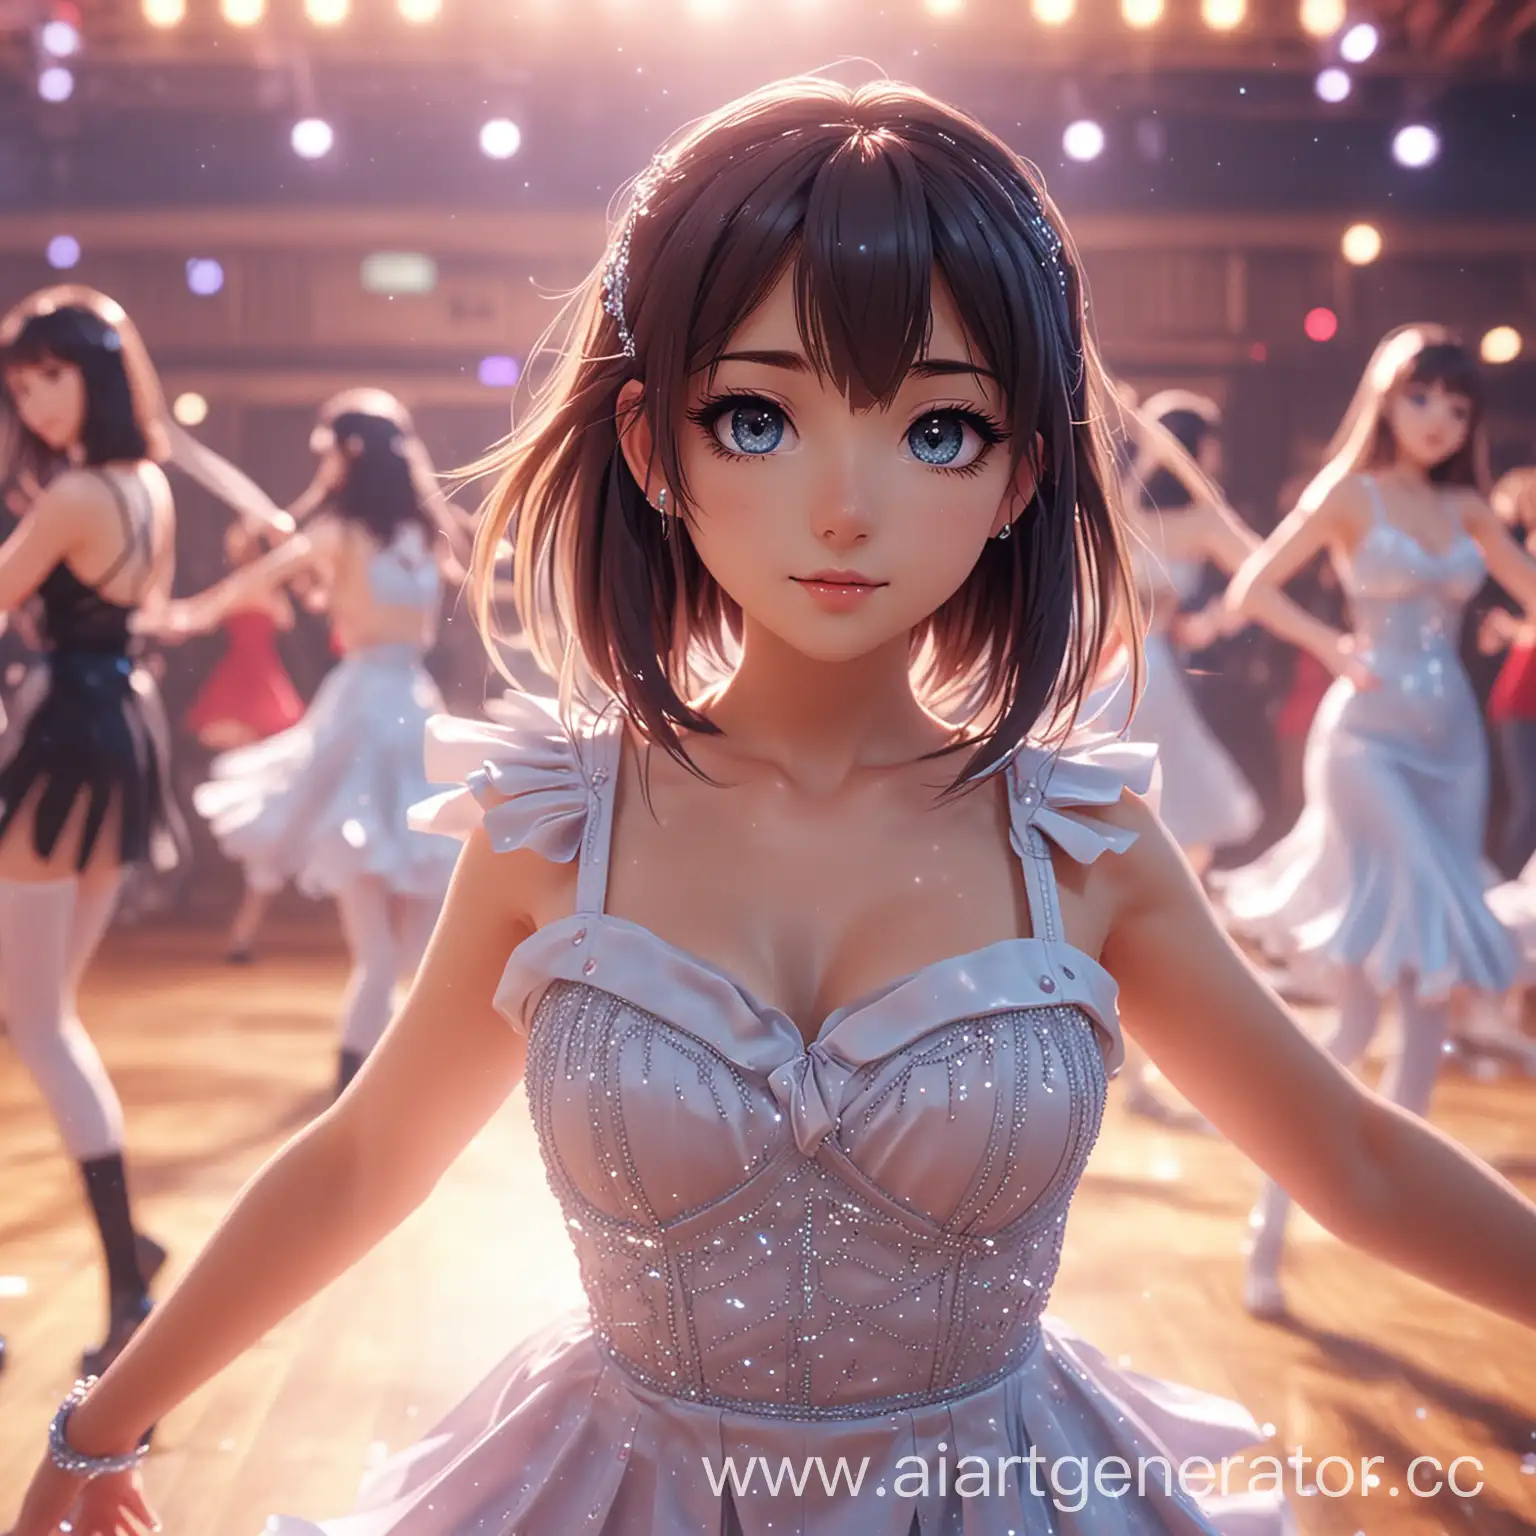 Anime-Style-Girl-Dancing-on-the-8K-Dance-Floor-with-Mesmerizing-Eyes
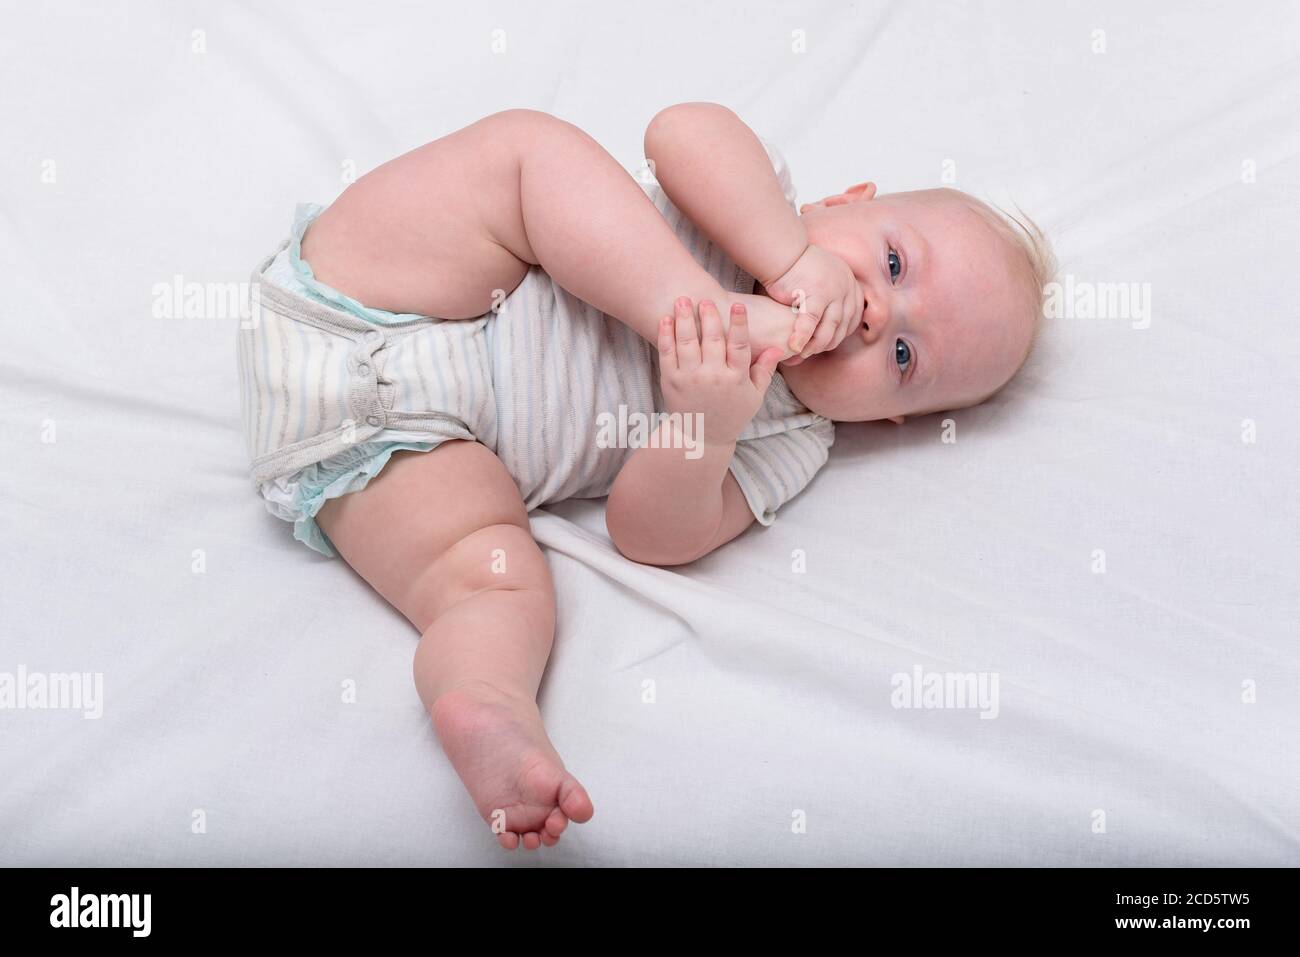 Kleines Baby knabbert seinen Fuß auf weißem Bett. Niedliches 3 Monate Baby.  Gymnastik für das Neugeborene Stockfotografie - Alamy
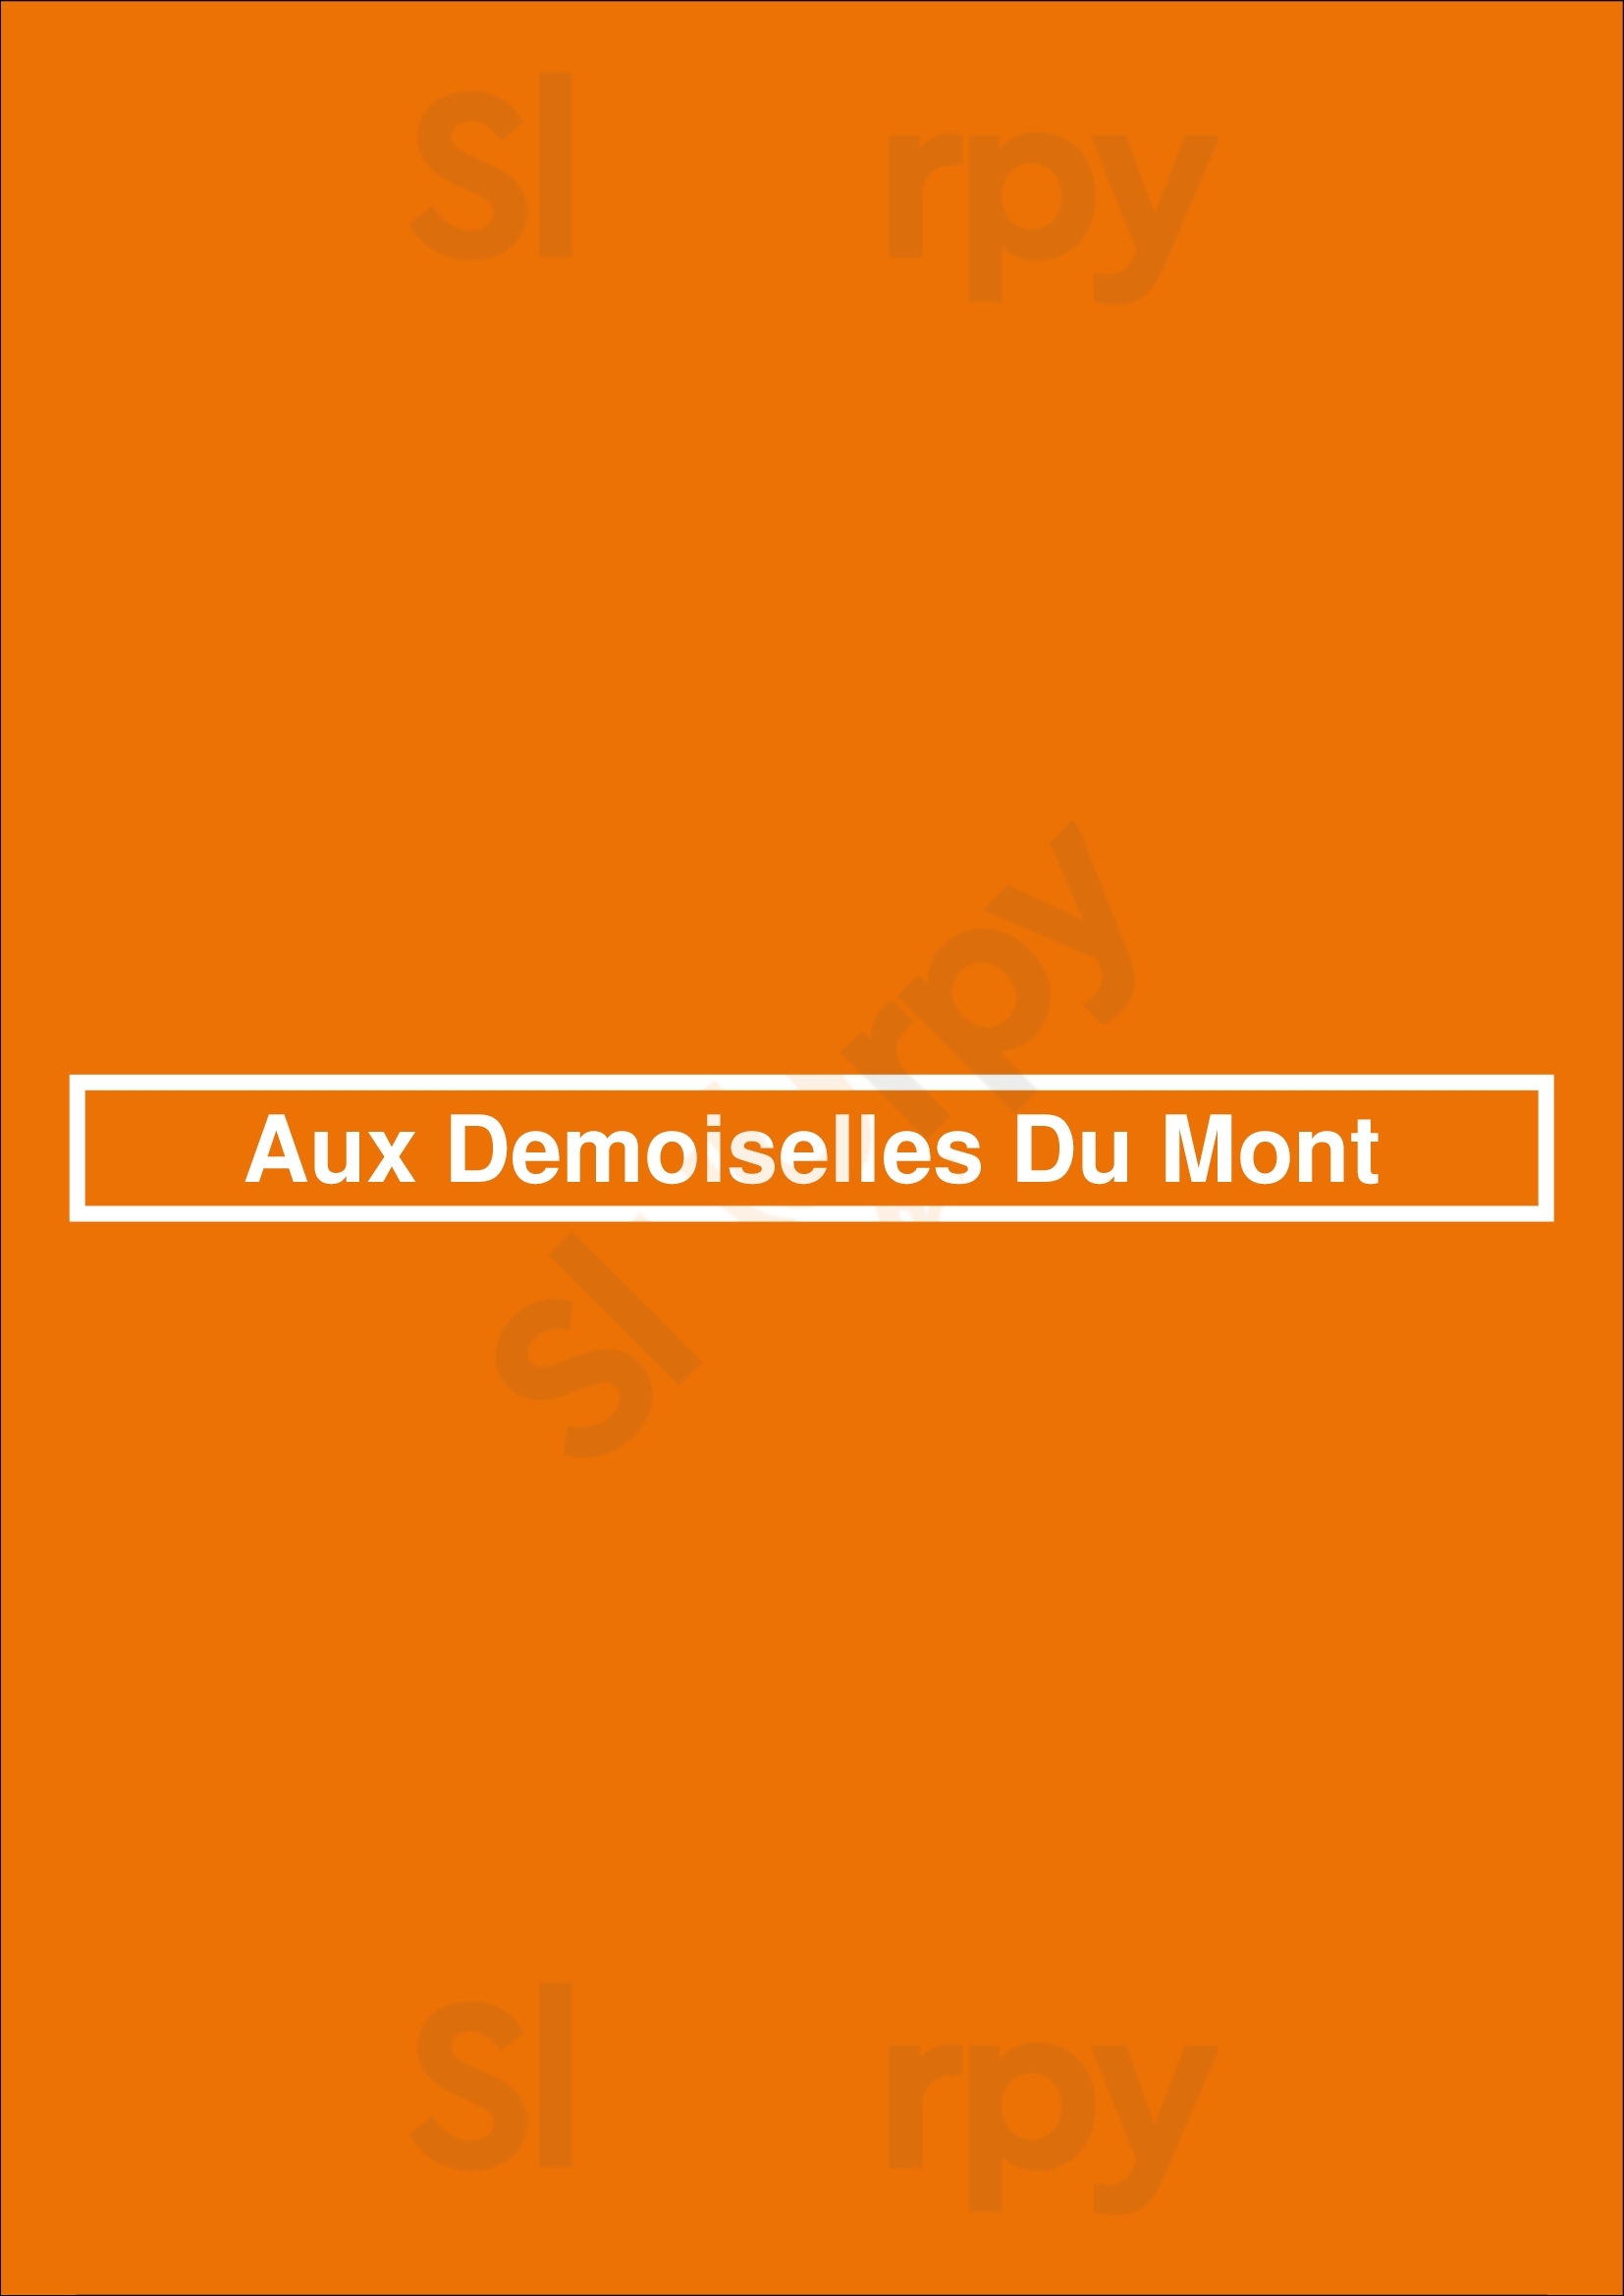 Aux Demoiselles Du Mont Marseille Menu - 1
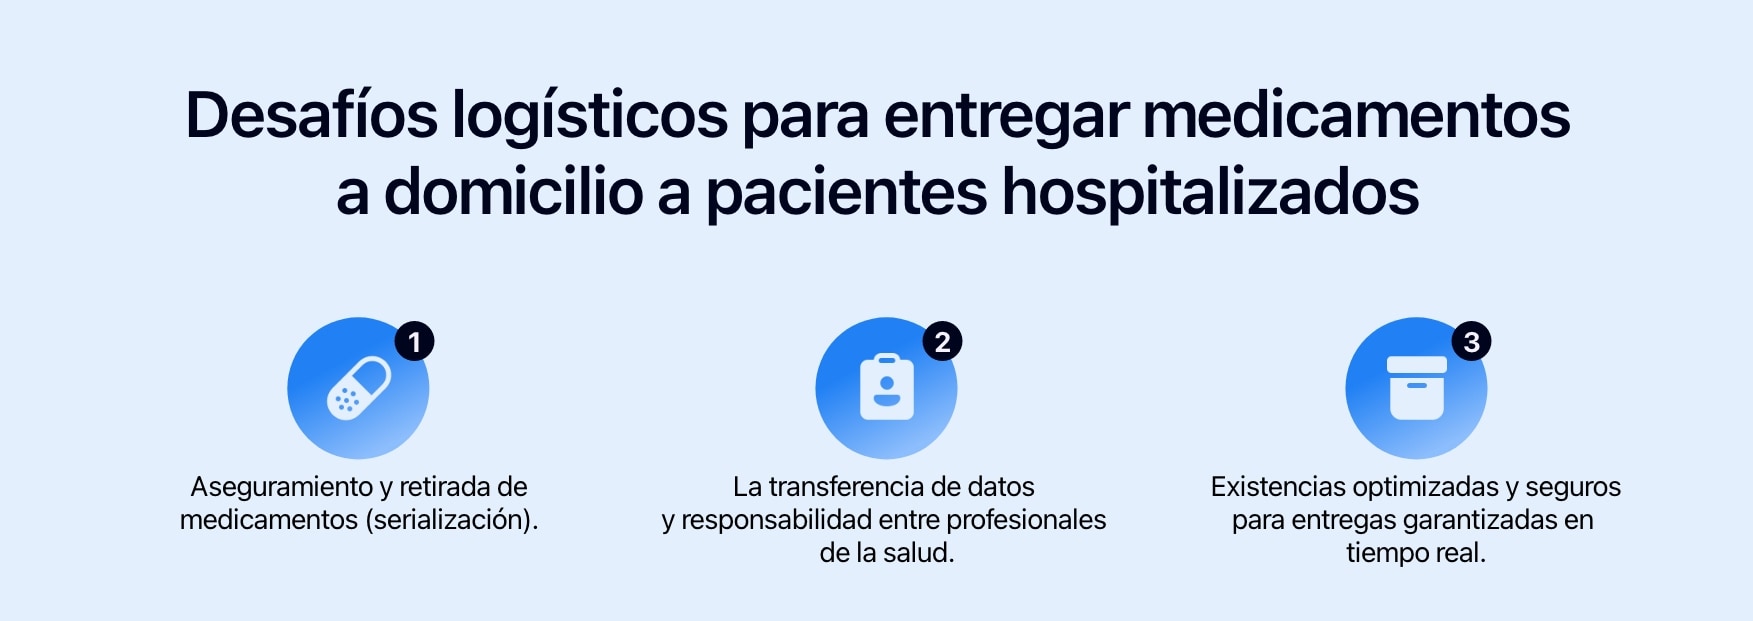 Diagrama que muestra los 3 retos logísticos para entregar medicamentos a los pacientes hospitalizados a sus domicilios.

» What the task requires
Repeat all the material exactly, but keep pictures out of the copy.

» Result of the exercise
 Anime-Style-Girl-Dancing-on-the-8K-Dance-Floor-with-Mesmerizing-Eyes
 Kleines Baby knabbert seinen Fuß auf weißem Bett. Niedliches 3 Monate Baby.  Gymnastik für das Neugeborene Stockfotografie - Alamy
 Aux Demoiselles Du Mont Marseille Menu - 1
 Diagrama que muestra los 3 retos logísticos para entregar medicamentos a los pacientes hospitalizados a sus domicilios.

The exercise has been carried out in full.